Changes, Challenges Continue at MCLA
President Mary Grant spoke of the college's accomplishments and challenges at the spring semester opening breakfast on Monday. 'I think we've had more ups than downs.'
Ground was broken on the long anticipated Center for Science and Innovation last fall; construction will ramp up in February at the Blackinton Street site with the opening in August 2013. Next up in the makeover will be Bowman Hall, where some of the science programs are quartered.
"Soon as we can blink an eye we'll be in that building," said President Mary Grant at the traditional opening breakfast on Tuesday. "Pretty soon the conversations will begin about what is the program at Bowman really going to look like, because we'll have great real estate in that building to use to support the academic programs, to support students, to support the things that we care about on campus.
"It's a great opportunity to do some important work."
The campus center's face-lift included combining what was a dark hallway and an exterior walkway to create a light-filled gathering point for students and an expansive entry into the renovated cafeteria. Columns are now wrapped with counters for seating and access points for laptops, a reception desk is manned for information and security, the book store has expanded and a Subway is moving in. A new exit points toward adjacent Hoosac Hall, where the Hoosac Harbor lounge will become a new entranceway.

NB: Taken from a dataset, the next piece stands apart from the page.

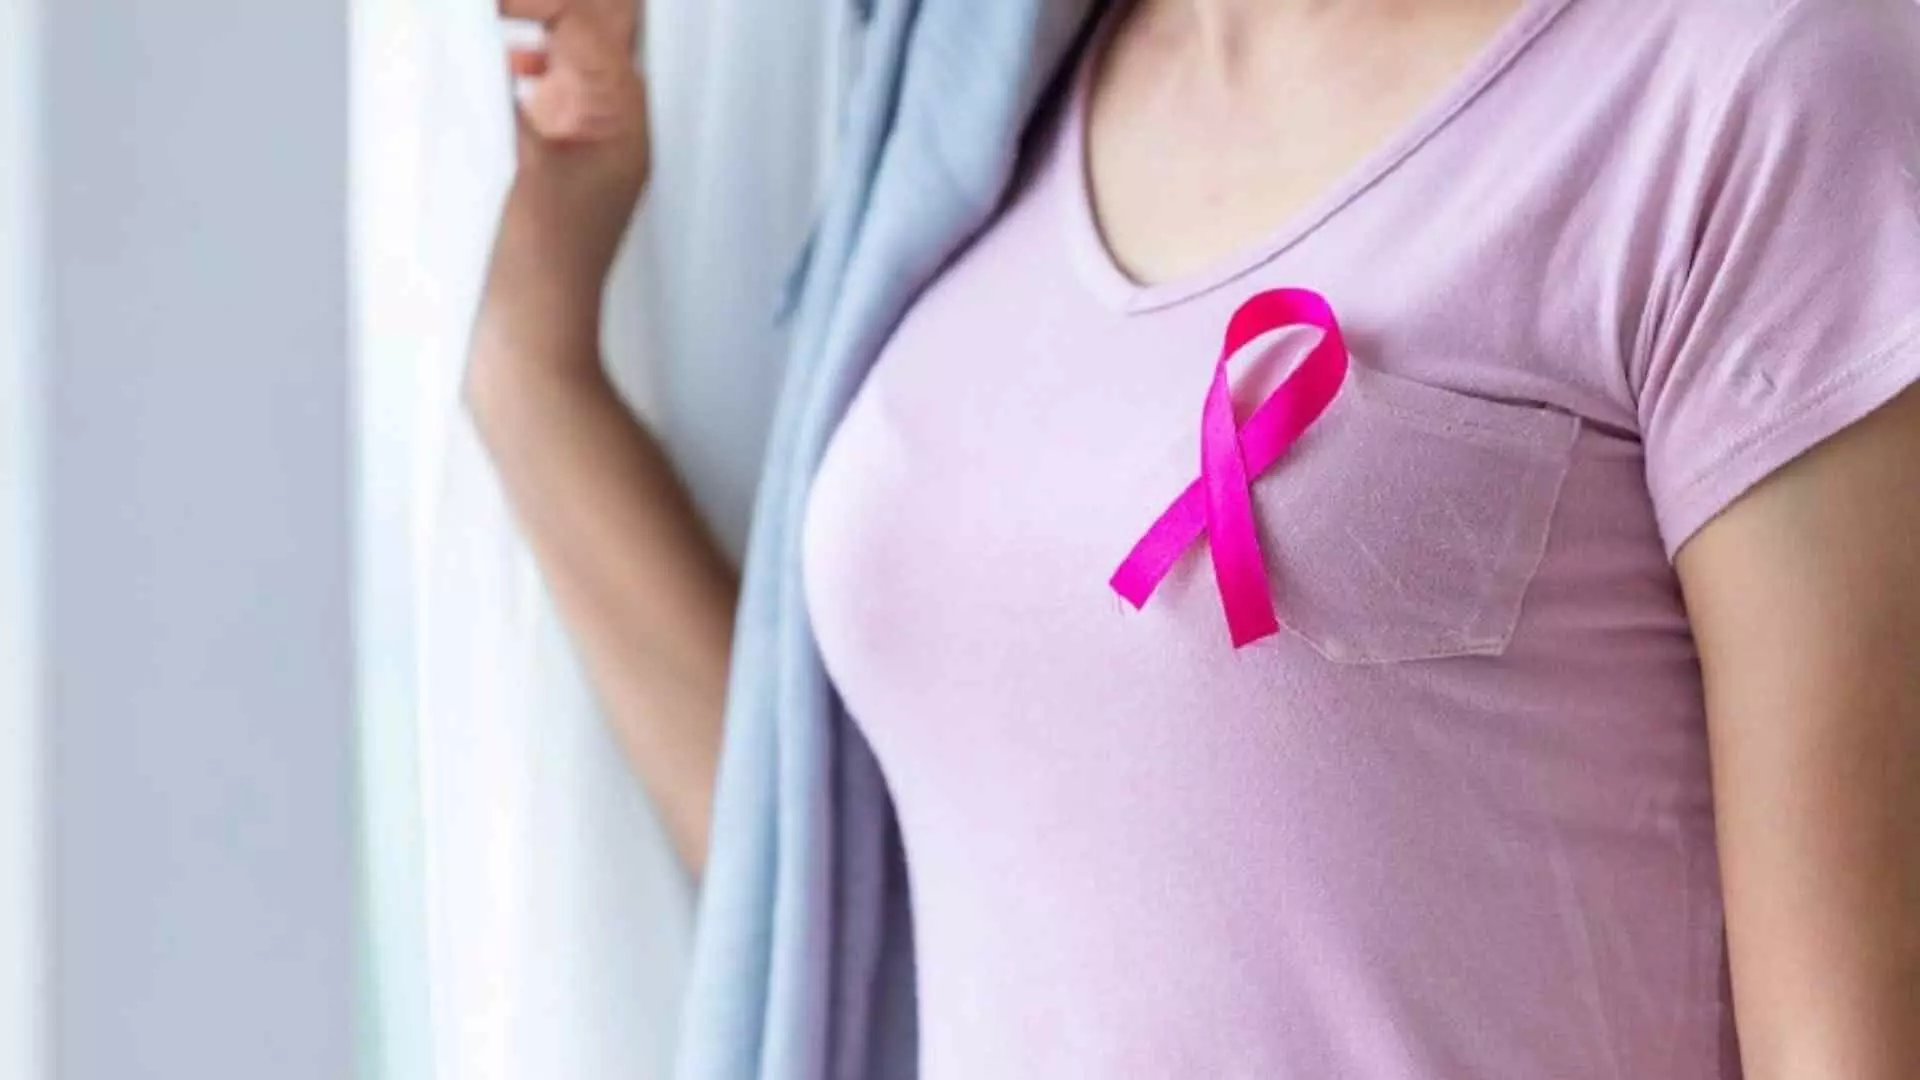 #WorldCancerDay : स्तनांचा कॅन्सर होण्याची कारणे काय आहेत ?

Admissions, meanwhile, has moved from the construction zone on Blackinton to Smith House, one of the oldest buildings on campus.
"We've been careful of how it's been used because it's such an important building," said Grant. "It's a great way to welcome families, groups, students to the campus."
While the college is undergoing some dramatic physical changes, there are still challenges ahead. MCLA welcomed its largest freshmen class this past fall but it will have to adapt to changing populations.
"As we look at the demographics in the marketplace, traditional college-age student numbers are down across the country because of demographic bubbles bursting," said Grant. "We have to be thinking about that and what is our position in this marketplace."
MCLA will continue its concentration on high-quality eduction and affordability, including efforts in STEM (science, technology, engineering and math), which are growth fields for jobs in Massachusetts. Other initiatives including aiding the growing number of community college students transfering into four-year schools and using scholarship beguest of $500,000 to help freshmen financially make the step to sophomore.
"We have more programs, and nothing in 10 years has gone down in price, so when I think about the work we are doing it is extremely, extremely efficient as it is and now what we need is a greater investment to support the work that we're doing," she said.
The Berkshire delegation is listening to college officials and its union leaders as the budget process begins, said state Rep. Gailanne Cariddi, D-North Adams. "We listen to you, we hear your concerns, you have our ears and I want you to know that. "
The delegation, she said, "is very committed to your institution, to MCLA here, that we want to see this fine institution goes on for many, many years to come."
Also speaking at the breakfast were trustees President Stephen J. Crowe; Mayor Richard Alcombright; Dana Rapp, president of the Faculty Association; Charles Cianfarini, president of the local Association of Professional Administrators; Sean Smith, chief steward of the local American Federation of State, County and Municipal Employees; Todd Foy Jr., president of the Student Government Association; and Student Trustee Jaynelle Bellemore.